Findings: possessing ‘insider’ midwifery knowledge was advantageous in the ‘getting in’ and ‘fitting in’ phases of this research study however unanticipated role ambiguity, and moral and ethical challenges, arose as a result of this ‘insider’ knowledge and status. Prolonged periods of observation challenged the midwife researcher's preconceived ideas and early decisions about the advantages and disadvantages of being an ‘insider’ or an ‘outsider’ in the research setting.

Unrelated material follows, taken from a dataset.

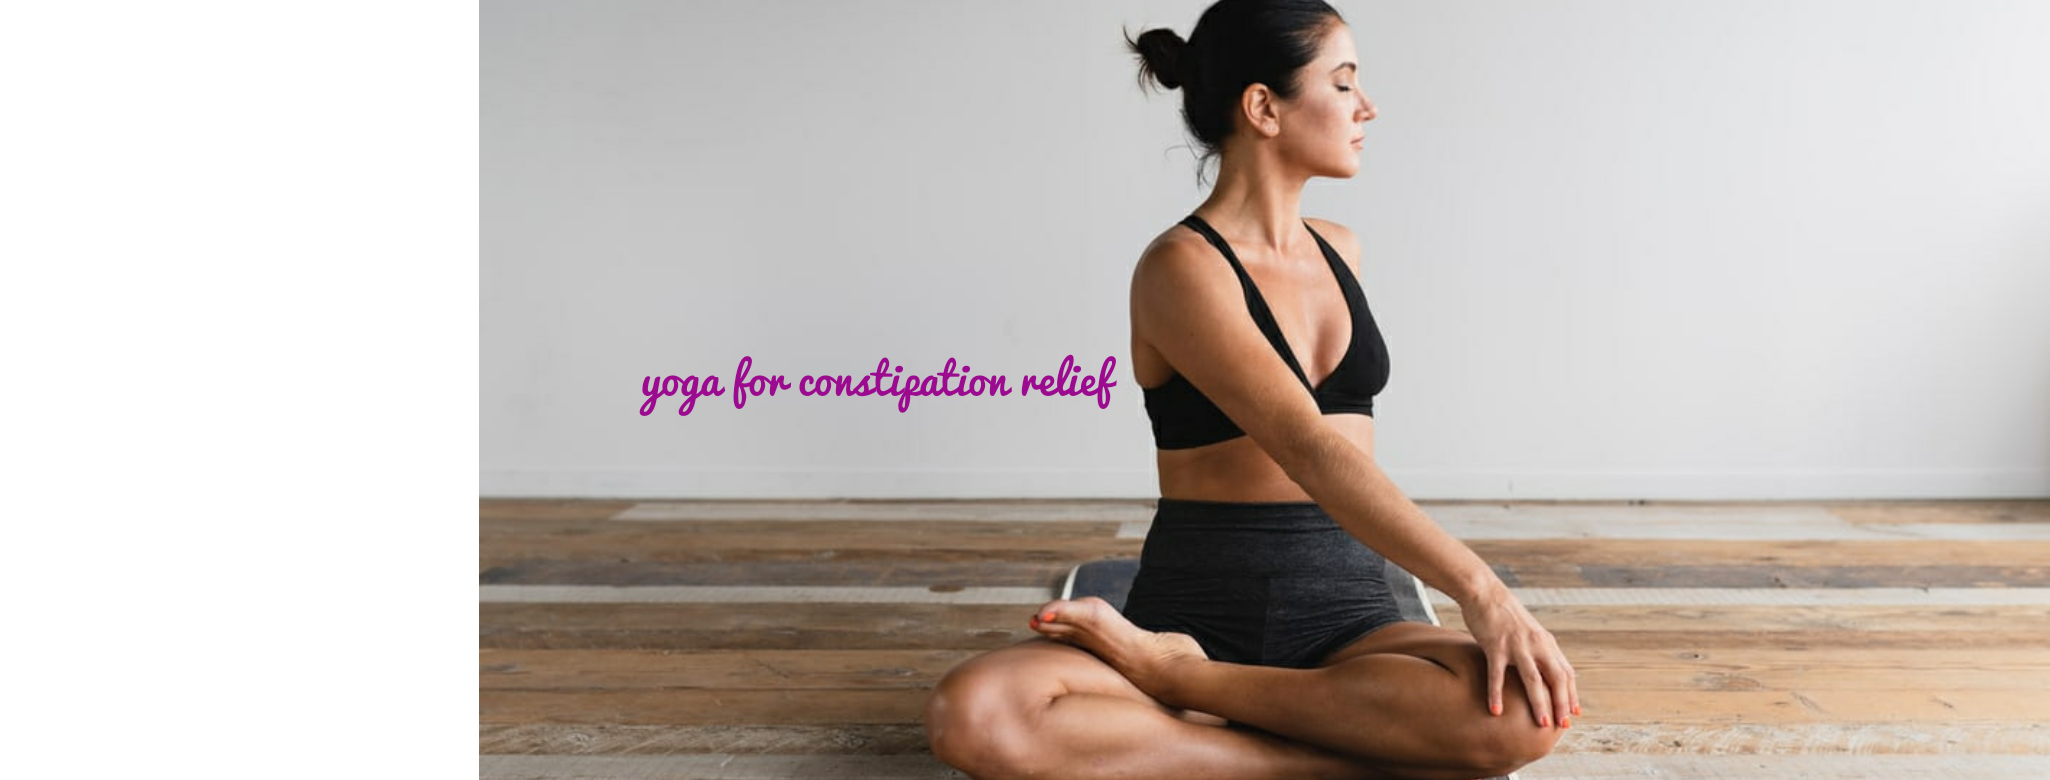 7 Best Yoga Poses for Bloating | Sunny Health and Fitness

Key conclusions: reflexive analysis of insider/outsider experiences revealed the middle ground which participant observers tend to navigate. Whilst professional insider knowledge and status offered many advantages, especially at the first study setting, some of the inherent embodied, and socially constructed features of the ‘midwife’ observer role, were unanticipated. Cultural competence, in these observational study settings, translated into role ambiguity, and at times, culturally entrenched role expectations.

Implications for practice: midwifery observation of clinical practice, for research, or practice development purposes, requires a degree of juggling of insider knowledge to facilitate observation and analysis. Prior to conducting observations midwives should consider how best to occupy the middle ground between insider and outsider. Within the middle ground the midwife can draw on those aspects of ‘self’ required to negotiate respectful relationships with colleagues, whilst also ensuring the maintenance of an analytical degree of distancing.[from publisher's webpage].